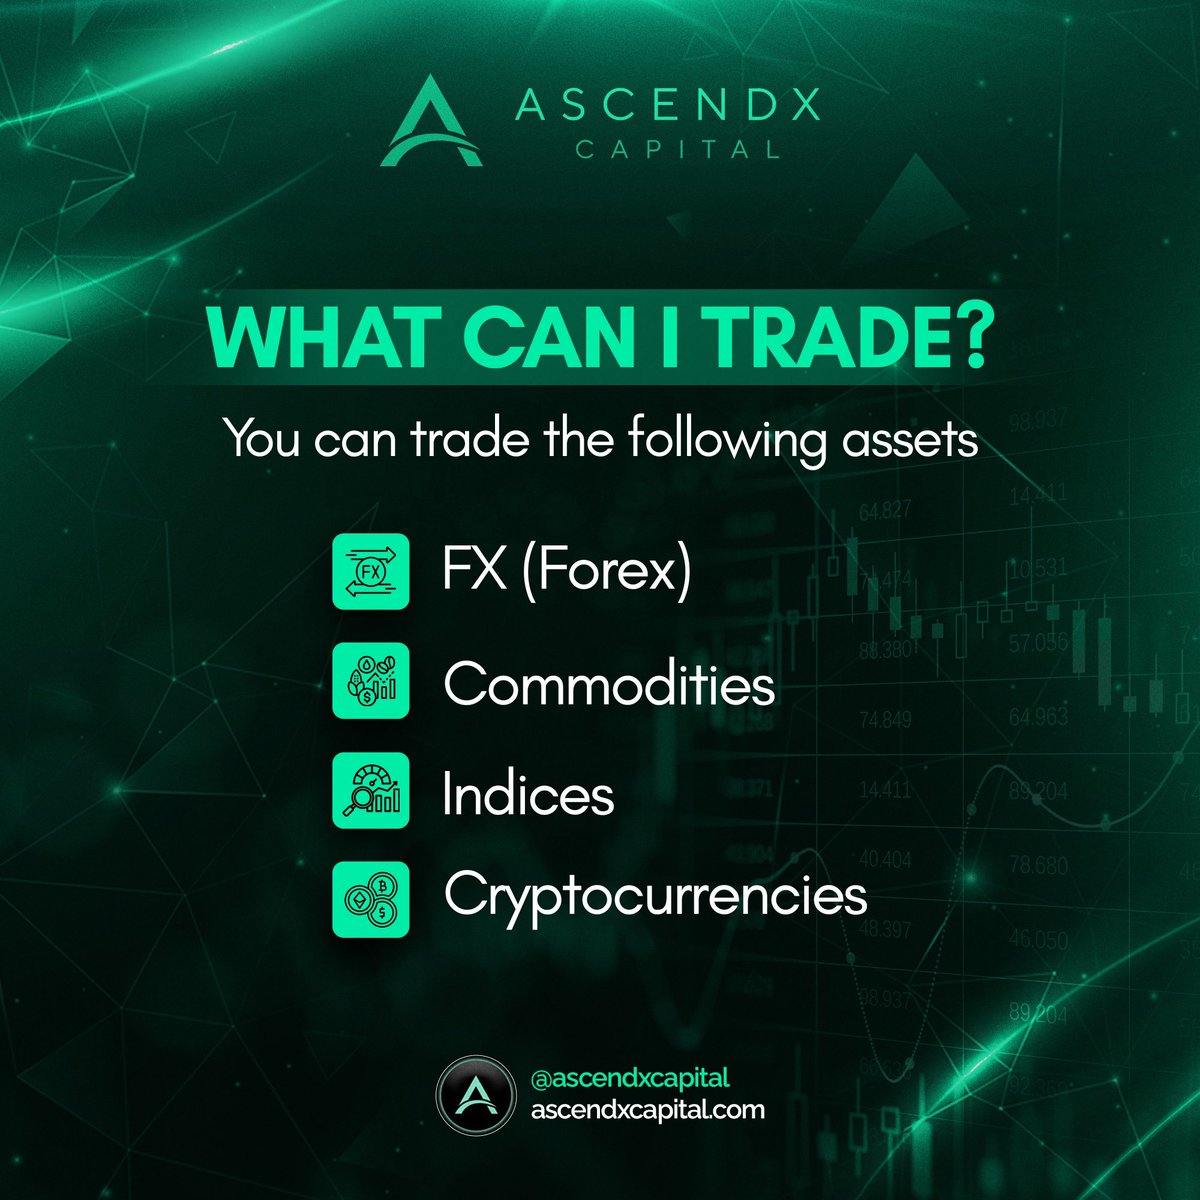 Ready to start your trading journey with Ascendx Capital? Here are the assets you can trade… Want to read more of our frequently asked questions? Visit ascendxcapital.com/faq. #trading #onlinetrading #forex #crypto #cryptocurrency
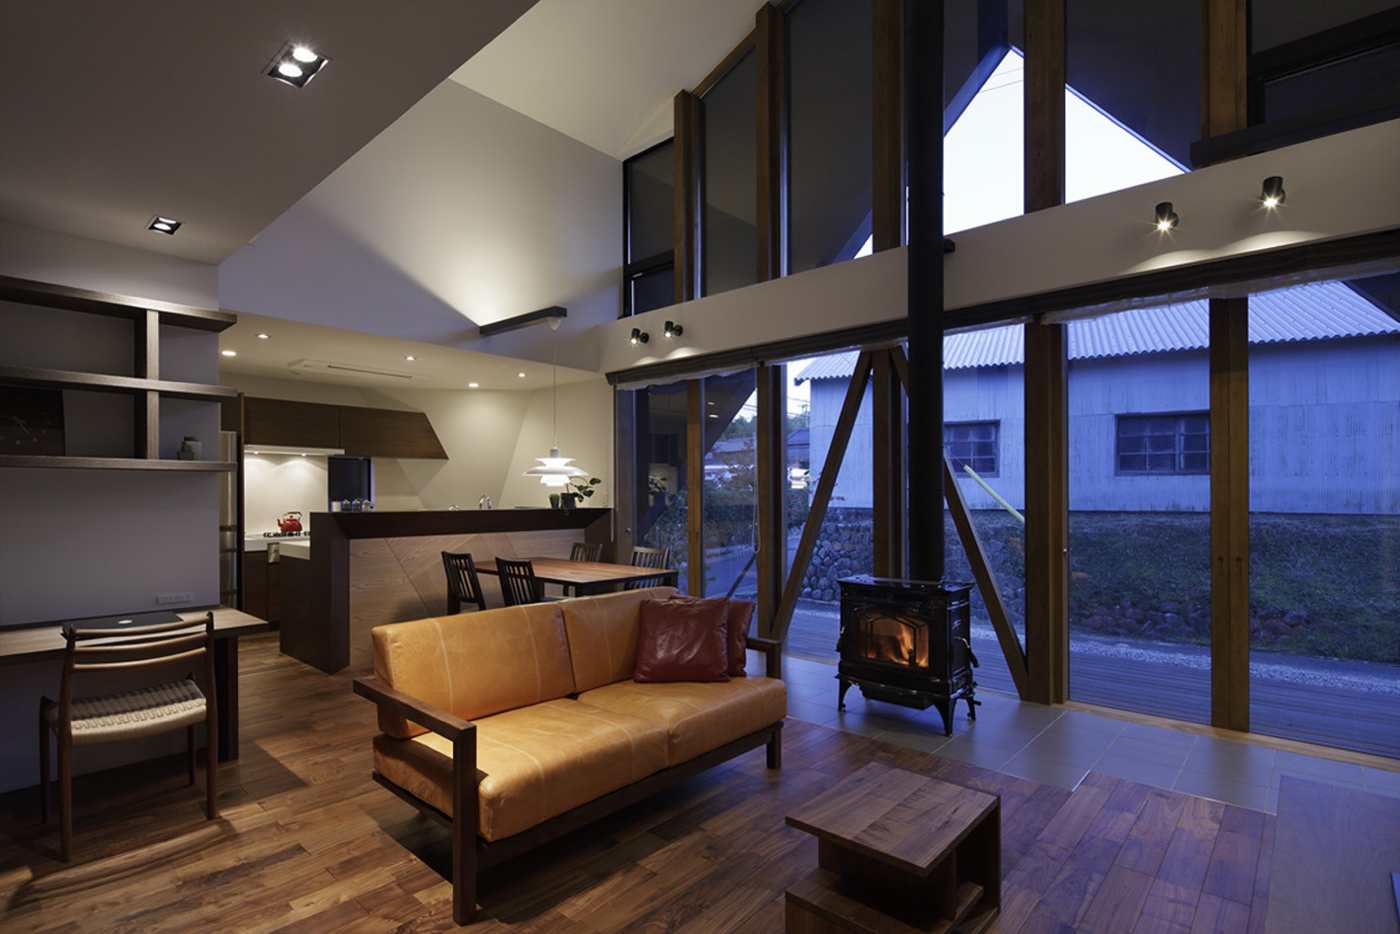 Roof tops and high ceilings in residential indirect lighting create comfortable ambience
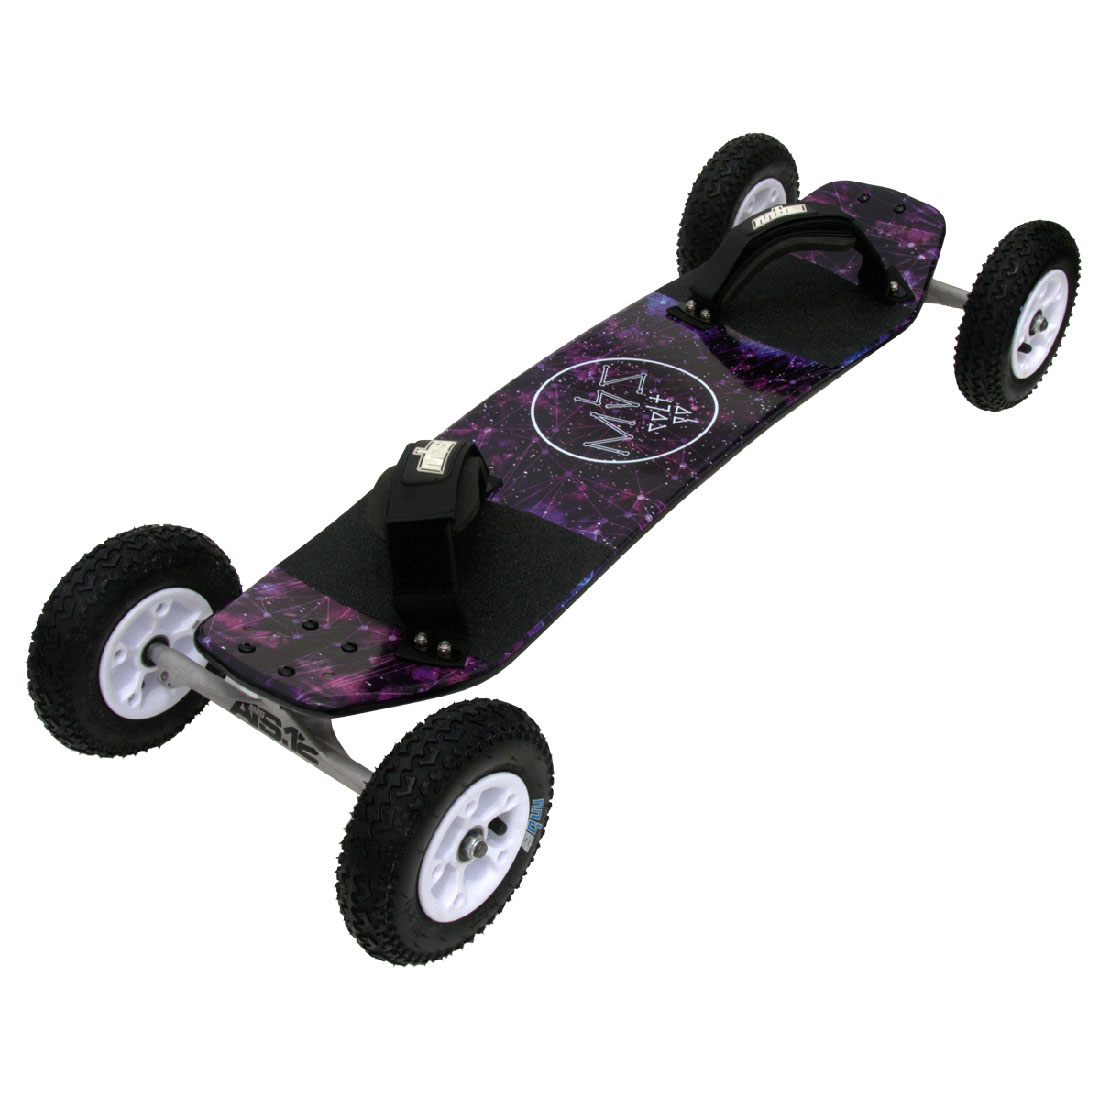 10101 - MBS Colt 90 Mountainboard - Constellation
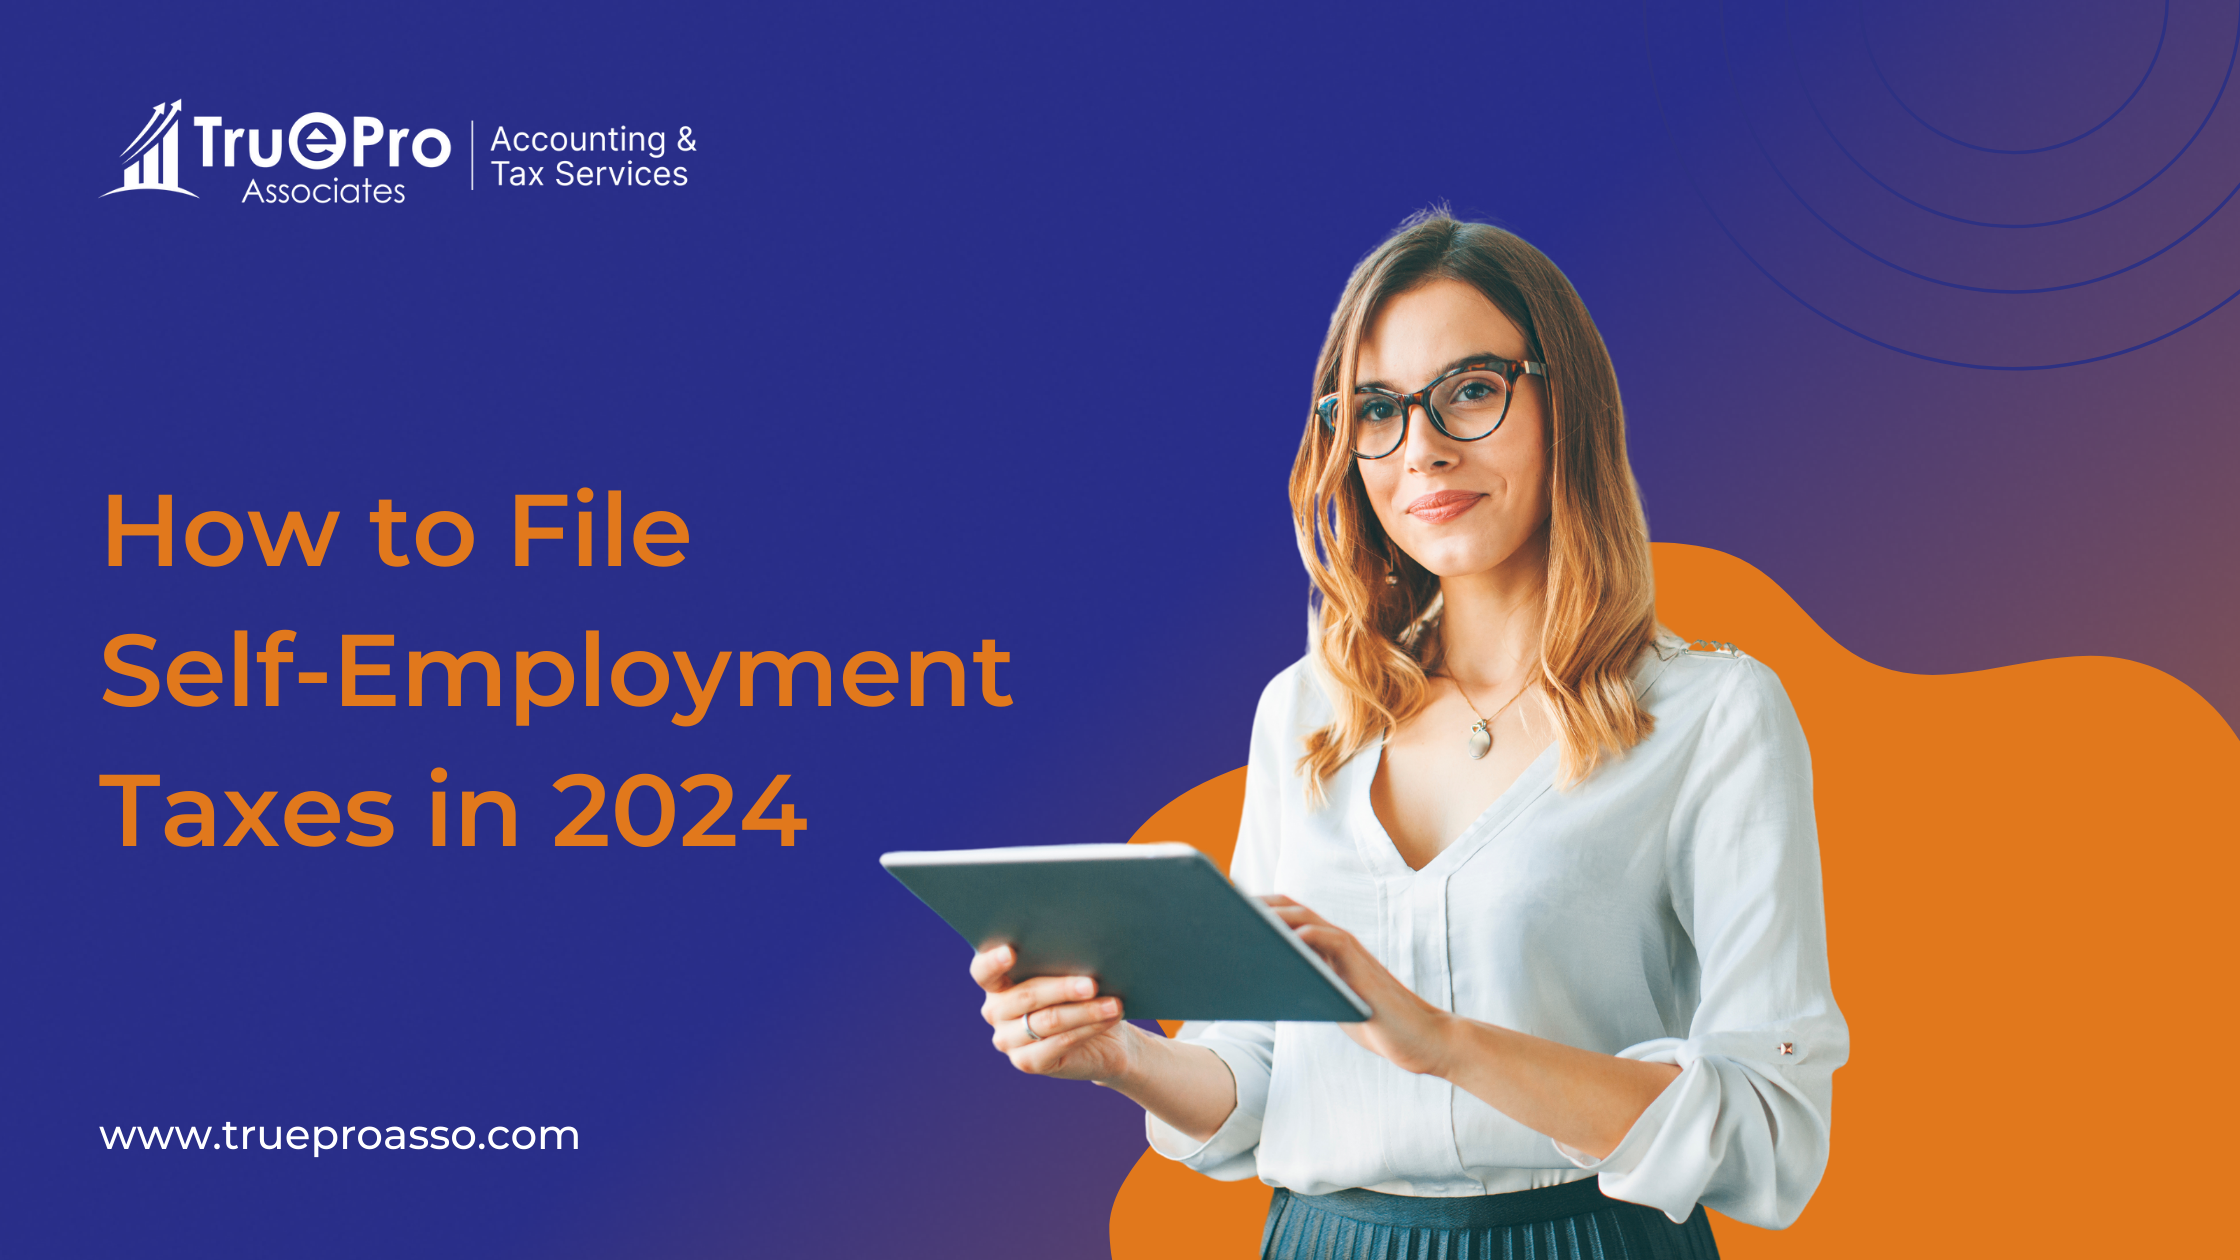 How to File Self-Employment Taxes in 2024

____________

**What this task involves**
All of the data must be set down exactly, with no pictures included.

**Exercise answer**
 Ready to start your trading journey with Ascendx Capital? Here are the assets you can trade… Want to read more of our frequently asked questions? Visit ascendxcapital.com/faq. #trading #onlinetrading #forex #crypto #cryptocurrency
 Roof tops and high ceilings in residential indirect lighting create comfortable ambience
 10101 - MBS Colt 90 Mountainboard - Constellation
 How to File Self-Employment Taxes in 2024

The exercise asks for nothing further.